• _The problem_: Nothing but the lines below from the one with "Fruit Flowers Shift" through the one with "Whistler Doors Open Directory" should be output, each exactly as given, and no pictures.

• _Supplied entries_:
☆ ☆ ☆ ☆ ☆
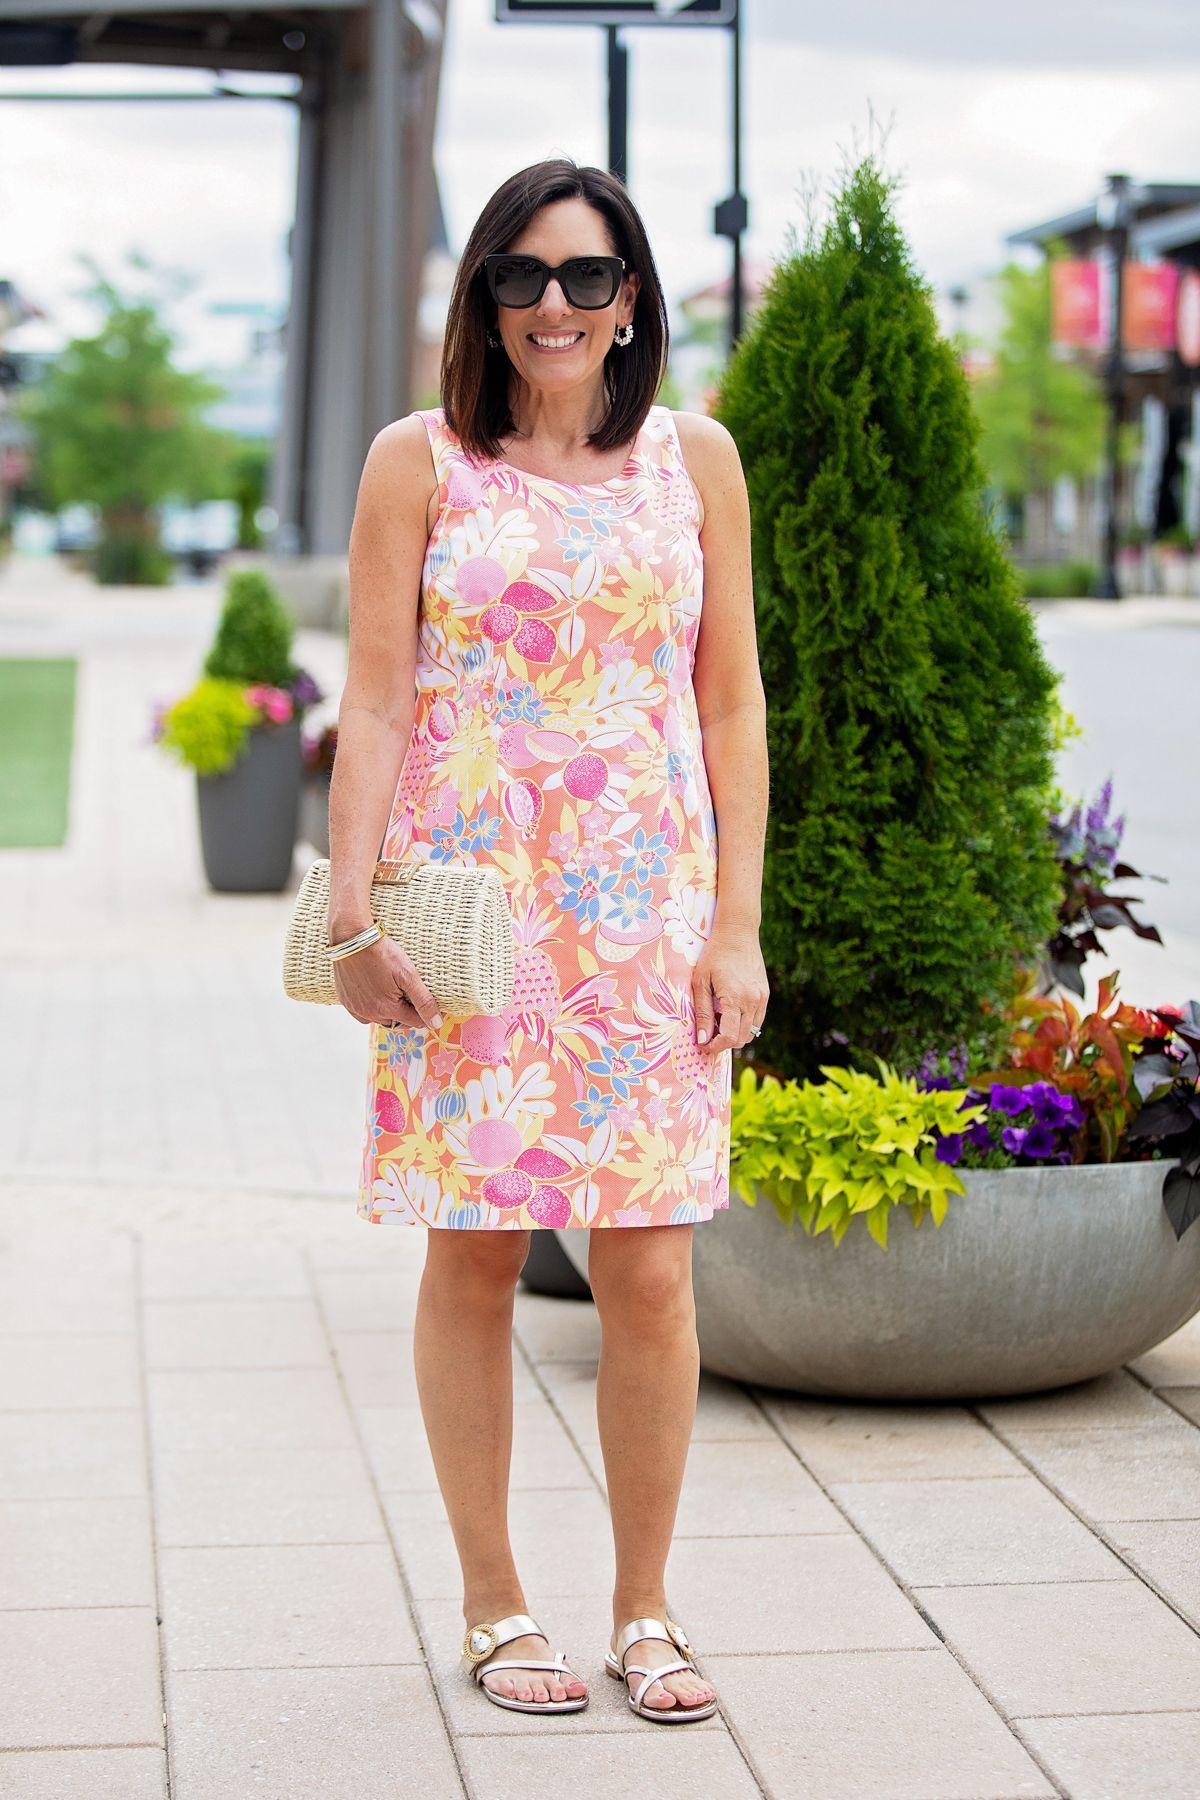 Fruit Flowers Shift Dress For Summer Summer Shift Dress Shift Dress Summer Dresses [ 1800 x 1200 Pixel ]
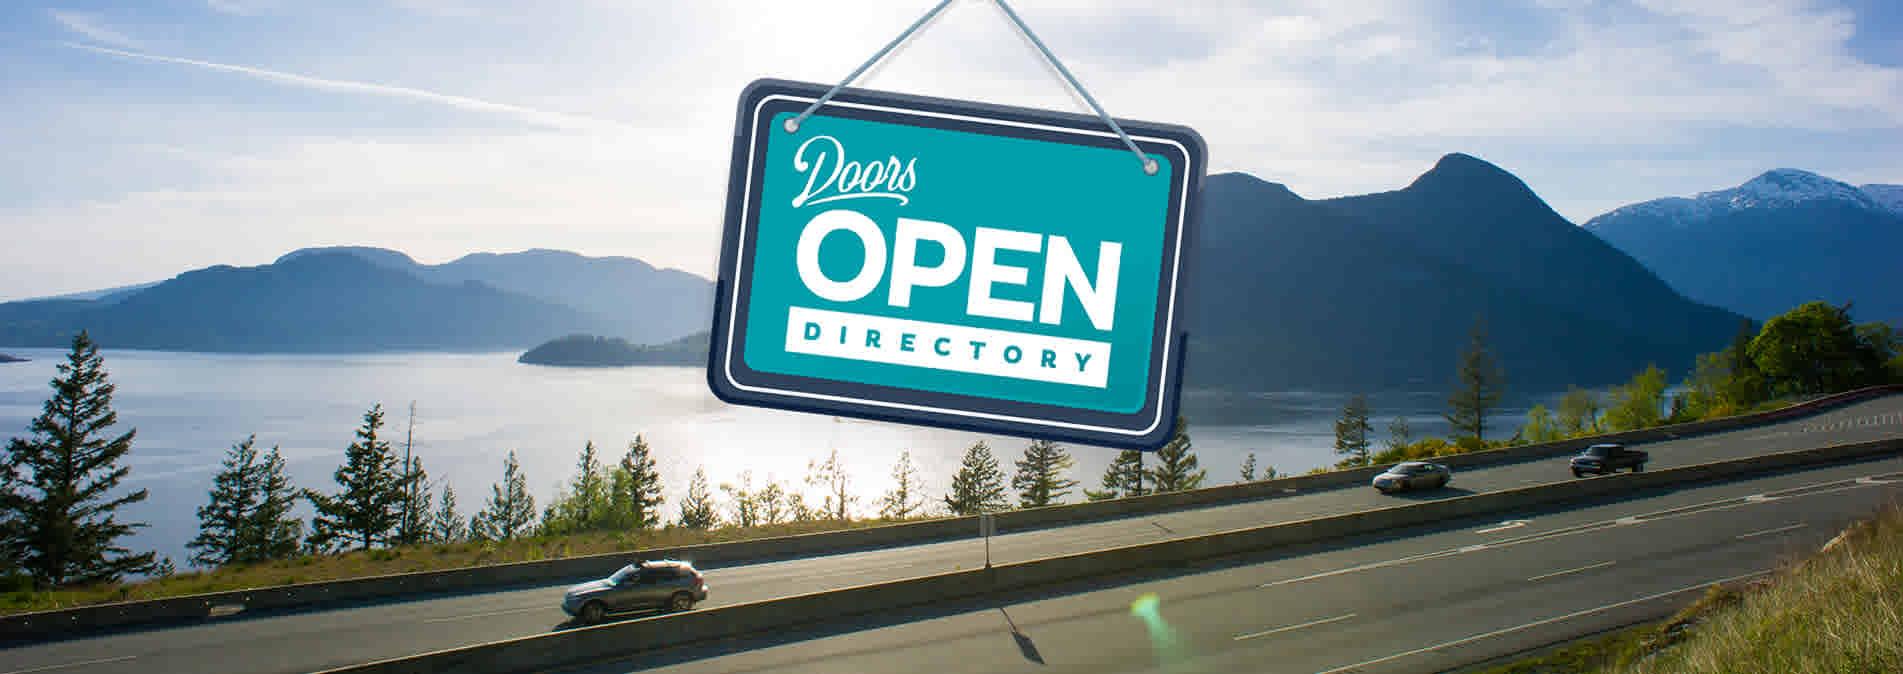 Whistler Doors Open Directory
☆ ☆ ☆ ☆ ☆
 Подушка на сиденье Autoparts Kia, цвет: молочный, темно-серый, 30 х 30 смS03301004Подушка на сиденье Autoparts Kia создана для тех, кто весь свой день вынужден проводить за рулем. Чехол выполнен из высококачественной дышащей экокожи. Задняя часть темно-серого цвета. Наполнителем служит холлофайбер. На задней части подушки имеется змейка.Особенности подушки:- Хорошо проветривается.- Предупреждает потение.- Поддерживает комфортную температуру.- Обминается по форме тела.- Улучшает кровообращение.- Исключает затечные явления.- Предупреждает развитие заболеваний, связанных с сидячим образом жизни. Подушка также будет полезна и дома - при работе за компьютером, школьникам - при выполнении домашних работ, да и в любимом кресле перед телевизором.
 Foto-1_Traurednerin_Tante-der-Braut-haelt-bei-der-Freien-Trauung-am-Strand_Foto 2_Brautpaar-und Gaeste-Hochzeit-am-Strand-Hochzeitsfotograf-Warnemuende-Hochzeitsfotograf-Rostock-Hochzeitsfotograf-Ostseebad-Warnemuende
☆ ☆ ☆ ☆ ☆
• _Result for this exercise_:
 Fruit Flowers Shift Dress For Summer Summer Shift Dress Shift Dress Summer Dresses [ 1800 x 1200 Pixel ]
 Whistler Doors Open Directory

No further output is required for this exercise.